### Requirement
Output the complete listing exactly, please, and keep the pictures out of it.

### Source material
****************************************

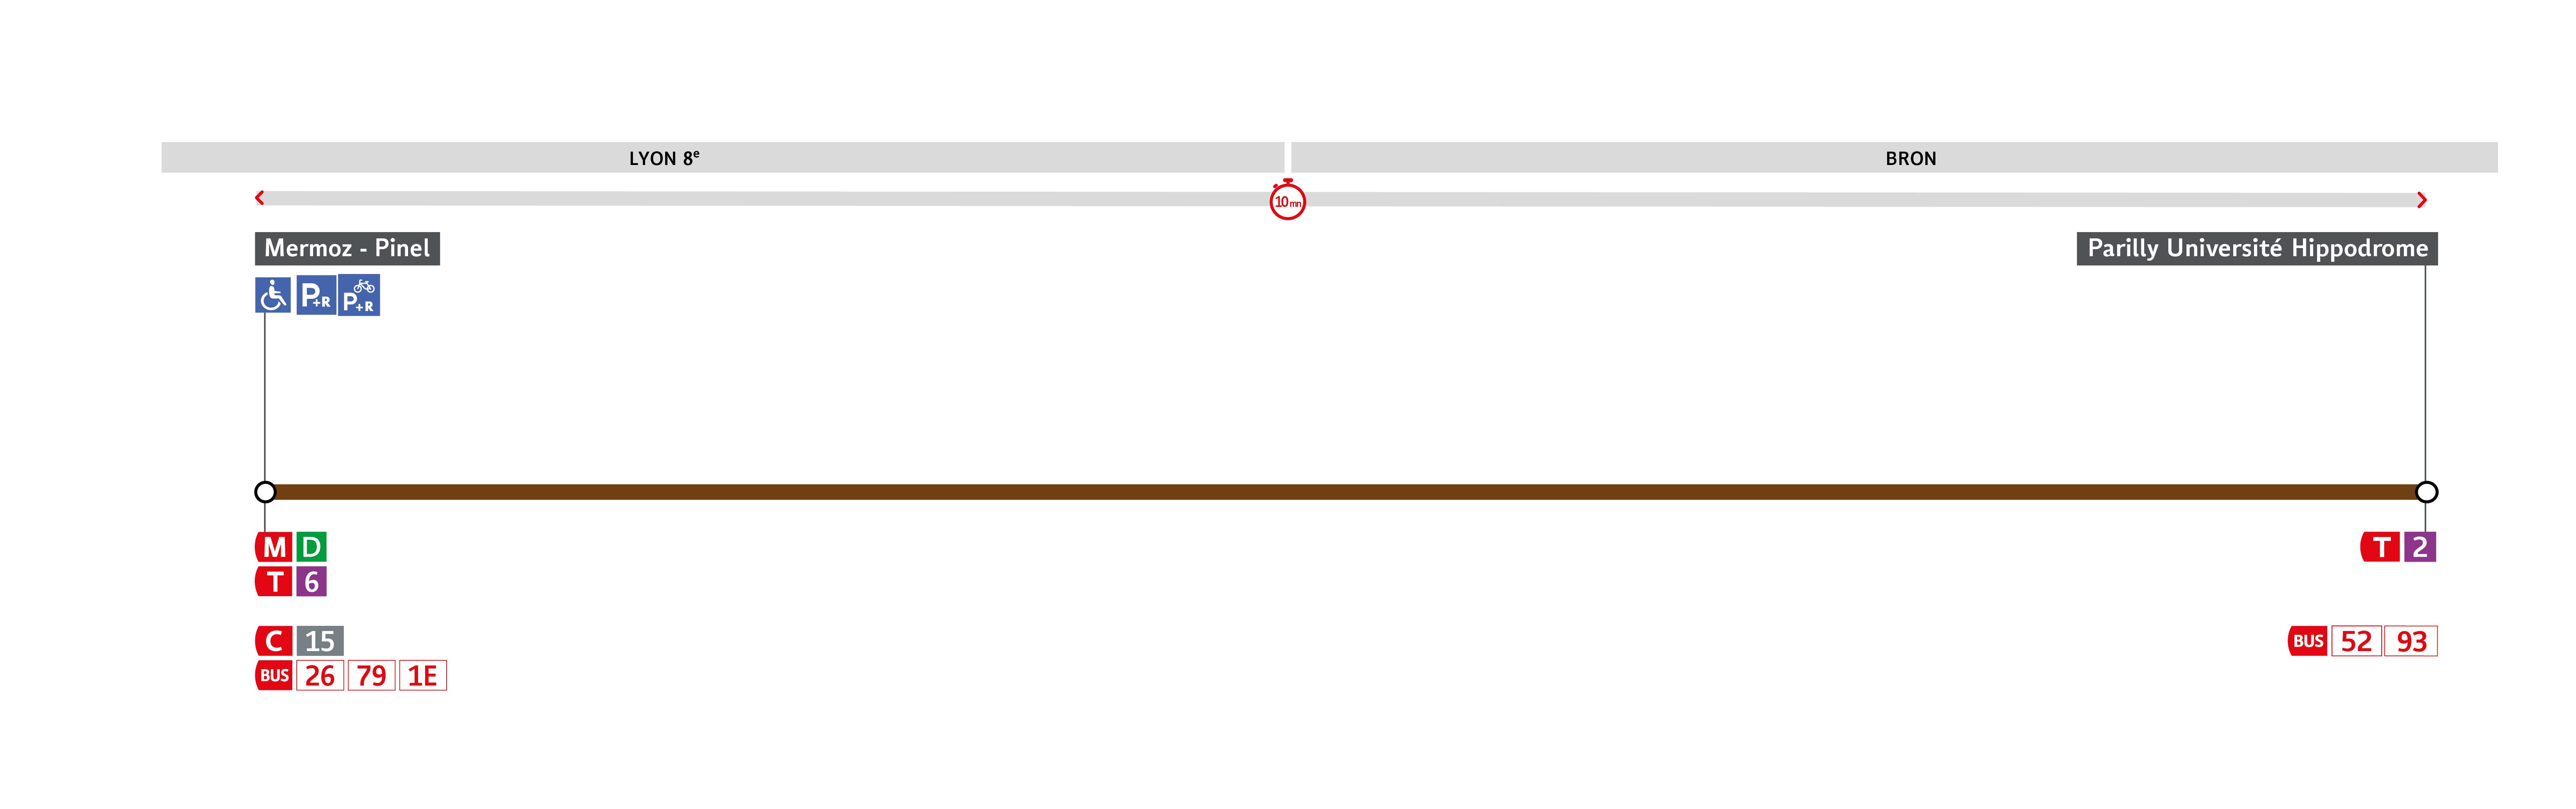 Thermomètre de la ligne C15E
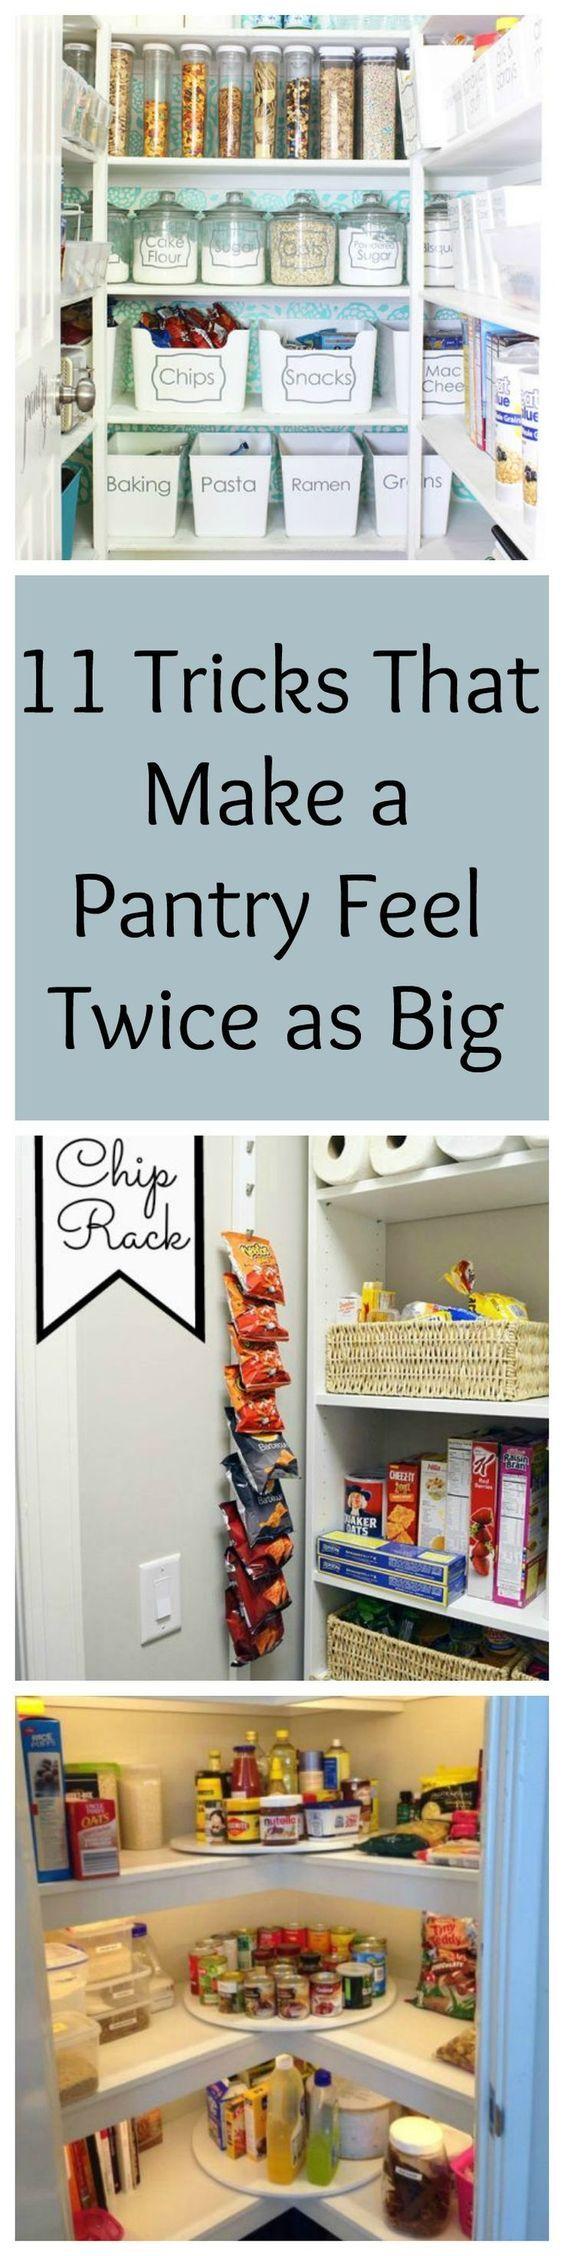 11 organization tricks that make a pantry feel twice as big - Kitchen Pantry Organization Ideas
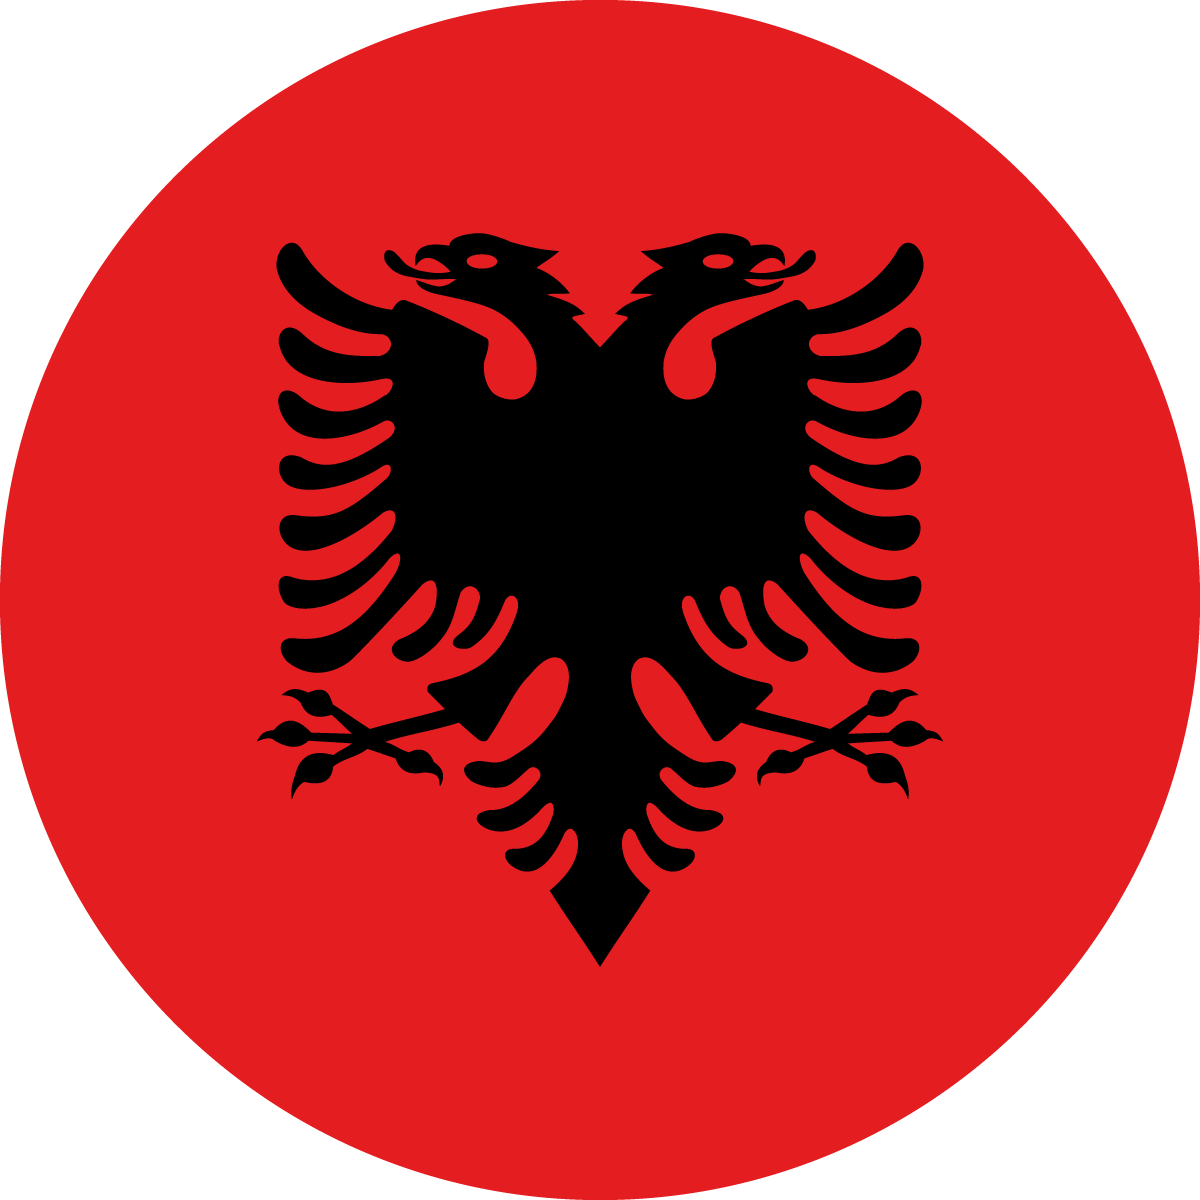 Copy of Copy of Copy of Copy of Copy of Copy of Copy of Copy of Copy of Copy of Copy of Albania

****************************************

### Final answer
 Thermomètre de la ligne C15E
 11 organization tricks that make a pantry feel twice as big - Kitchen Pantry Organization Ideas
 Copy of Copy of Copy of Copy of Copy of Copy of Copy of Copy of Copy of Copy of Copy of Albania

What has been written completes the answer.